Wednesday, March 13, 2013

Cost vs. Value


This one is definitely more random, and if it would help, I'd give the whole back story to it's genesis, but I think that would only serve to complicate things more.  Suffice it to say, I was in a weird, Marxist kind of mood when I wrote it:
When I was eight years old I made an astonishing discovery.  My parents kept the allowance cups for all six of their children just behind the kitchen sink.  It was all too easy to reach up and move money from any of my siblings’ cups to my own, and in fact I did on several occasions.  At the time this amounted to just slightly more than a dollar, a paltry amount by most standards, but later in life, as I make preparations to pay an allowance to my own children, and having studied some in the field of economics, I have come to a realization about this money which nobody ever noticed was missing. 
            In studying the writings of Karl Marx I was struck by his theory of Use-Value.  This theory relates the value of a thing to its utility, and states that “Use-values become a reality only by use or consumption: they also constitute the substance of all wealth, whatever may be the social form of that wealth.”  What struck me especially about this is that these commodities only take on value when they are used or consumed.  By this reasoning, to have something, to simply be in possession of it holds no inherent value in and of itself.  Having grown up in a culture where doomsday preparations are a main priority this theory presented an interesting dilemma; that dilemma being that Marx’s theory rang true somewhere deep in the recesses of my mind, but it also negated a large part of my life-long mental conditioning. 
            Frugality was yet another value that was instilled in me from a very young age, not only from my parents but from the culture which enveloped my small reality.  The prospect of purchasing something for less than the original price held immense value in my belief system.  Thus, whether an item was needed with any immediacy was not even a topic of discussion.  That the world would inevitably come crashing down around us and cause us to need all of these preparations was not just a possibility, nor was it a probability, it was as strongly held a belief as many have that the sun will continue to shine with each new morning. 
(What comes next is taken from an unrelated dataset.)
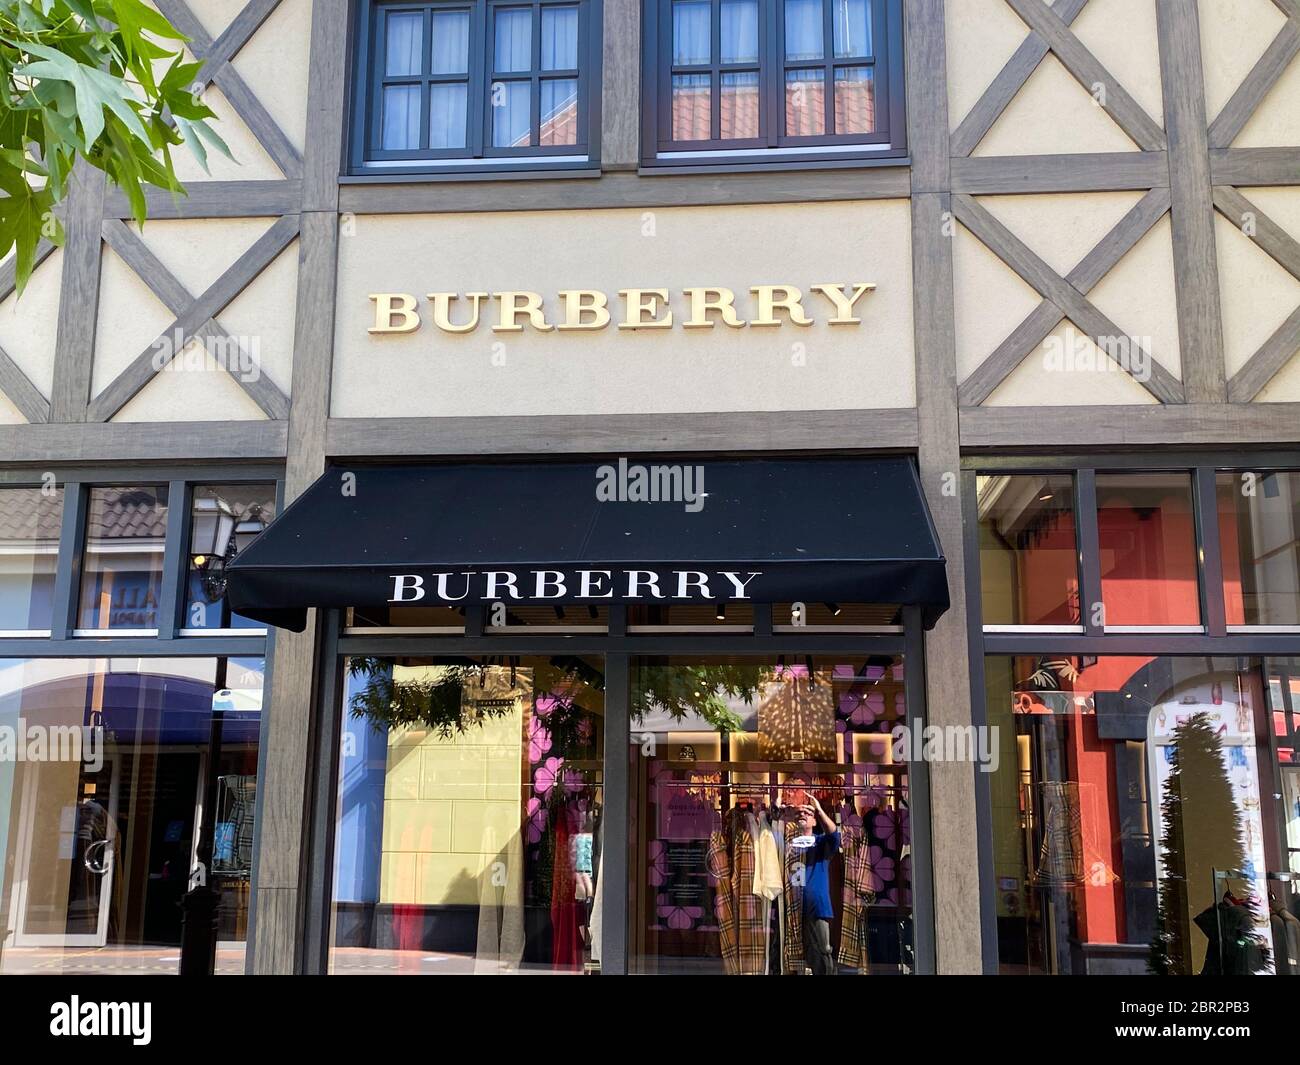 Roermond, Netherlands - May 19. 2020: View on facade with logo lettering of  Burberry fashion company at shop entrance Stock Photo - Alamy

            With both of these strongly held “truths” in hand, that one must be in possession of large quantities of commodities, and that to acquire something for less than it was suggested to retail for represented a blessing, I began a feverish study of Marx and his Use-Value principle.  After several months of study I found myself at a completely different understanding of the inherent value of finite objects.  This new found understanding centered in the actual usefulness of an object verses the cost, both monetary and spatial, of maintaining its existence.  Both of these aspects are completely separate from the initial cost of acquiring the object, which I now believe has no merit beyond what one is capable of spending to acquire the object initially.  The conclusion which I came to was that if an object is not currently, or in the very near and real future in use, and needed, its value is diminished materially.  If said object also creates a spatial or monetary cost to maintain, it then takes on a negative value, draining both the family coffers and the space in which the family must live and function.